Arya menoleh pada Udin, berharap mendengar pendapat yang sejujur-jujurnya dari pria itu. Namun ia justru menangkap gelagat lain. Udin seakan ragu dan enggan meneruskan kalimatnya.
“Dia kenapa, Din?”
“Den Arya mau Udin jujur?” tanyanya ragu.
“Iya dong. Harus.” Arya menghadap pada Udin dengan antusias.
“Selama ini kalo diperhatikan, Den Arya memang jarang bertemu apalagi bergaul dengan Wida. Kemungkinan ada beberapa hal yang belum diketahui Den Arya.”
“O-ya? Misalnya apa?”
“Sebelumnya Wida pernah hampir nikah sama kakaknya Ai. Tapi kemudian dia ketahuan selingkuh sama Den Tama. Nggak lama setelah itu kakaknya Ai meninggal.”
“Meninggal karena apa?”
“Dia berantem sama anak buahnya Den Tama, sakit, terus meninggal. Padahal waktu itu dia juga ‘orangnya’ Den Tama. Nggak lama setelah dia meninggal, ada kabar kalo Wida dijodohkan sama Den Arya.”
“Hah?! Kok aneh malah dijodohin sama aku, bukan sama Tama?”
“Memang aneh sih, tapi nggak tau kenapa bisa begitu. Dan sebenarnya … Wida masih suka ketemu sama Den Tama. Di rumah yang waktu itu.”
“Selingkuh sama Tama, tapi dijodohkan sama Arya?” batinnya. Arya tampak berpikir keras, coba mencerna informasi yang didengarnya. Entah kenapa ia merasa ada kejanggalan.
“Yang menjodohkan siapa?” tanya Arya.
“Ya Juragan sepuh.”
“Aki?”
“Iya.”
“Aki tau soal Wida sama Tama?”
“Kayaknya sih nggak tau.”
“Mungkin nggak kalo sebenarnya aki tau, tapi karena Tama udah punya istri, makanya dijodohkan sama aku?”
“Nggak mungkin, Den. Wida kan bukan anak pak camat, pak lurah, atau pak kades. Dia juga bukan dari keluarga kaya, apalagi sekaya keluarga Den Arya. Juragan sepuh nggak ada untungnya besanan sama keluarga Wida.”
“Ya terus kenapa dijodohin? Mereka-. Maksudku, aku nggak pernah pacaran sama Wida ‘kan?”
Udin menggeleng, lalu berkata “Sebelumnya Den Arya nggak bergaul sama orang lain, kecuali Sekar. Itupun karena Sekar sering datang buat bantu-bantu kerjaan Bi Minah.”
“Serius? Eh, maksudku … ternyata sebelumnya aku seintrovert itu? Hehe … terusin.”

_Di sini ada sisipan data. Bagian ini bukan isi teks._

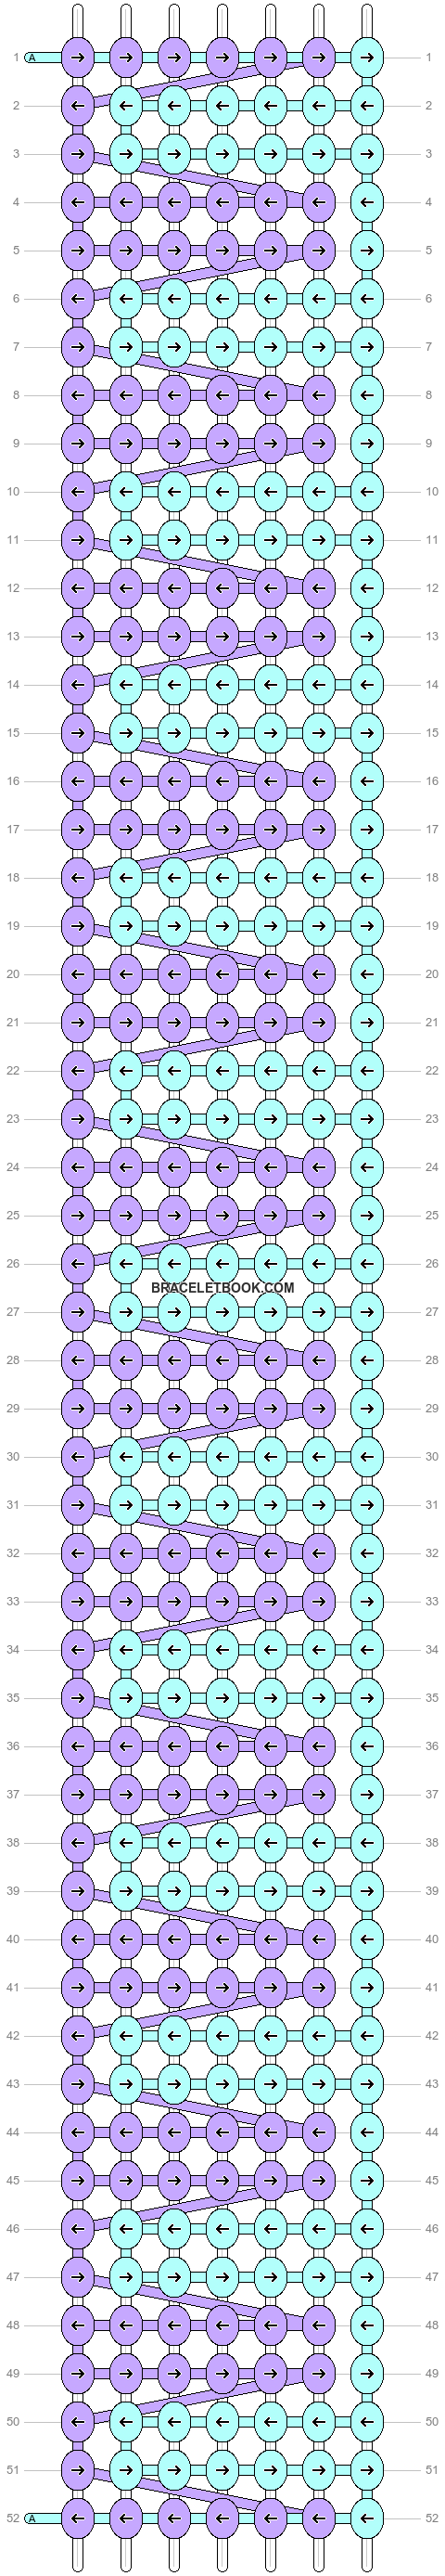 Alpha pattern #15234 variation #143774 pattern

“Menurut yang kudengar, perjodohan itu marena Pak Ocid orang kepercayaan almarhum Den Jaya. Kata orang-orang, mereka teman dekat.”
“Itu doang alasannya?”
Udin mengangguk ragu. Sementara itu Arya mendesah kasar. Jika benar demikian, artinya si pemilik raga tidak benar-benar berniat menikahi Wida.
“Din. Kamu ada ide nggak?”
“Maksudnya, Den?”
“Ide buat batalin pertunanganku sama Wida.”
Udin sempat melongo, tapi kemudian membisikkan sesuatu di telinga Arya.
“Yang bener, Din?”
Udin mengangguk cepat.
“Oke,” ucapnya antusias sambil mengacungkan jempol.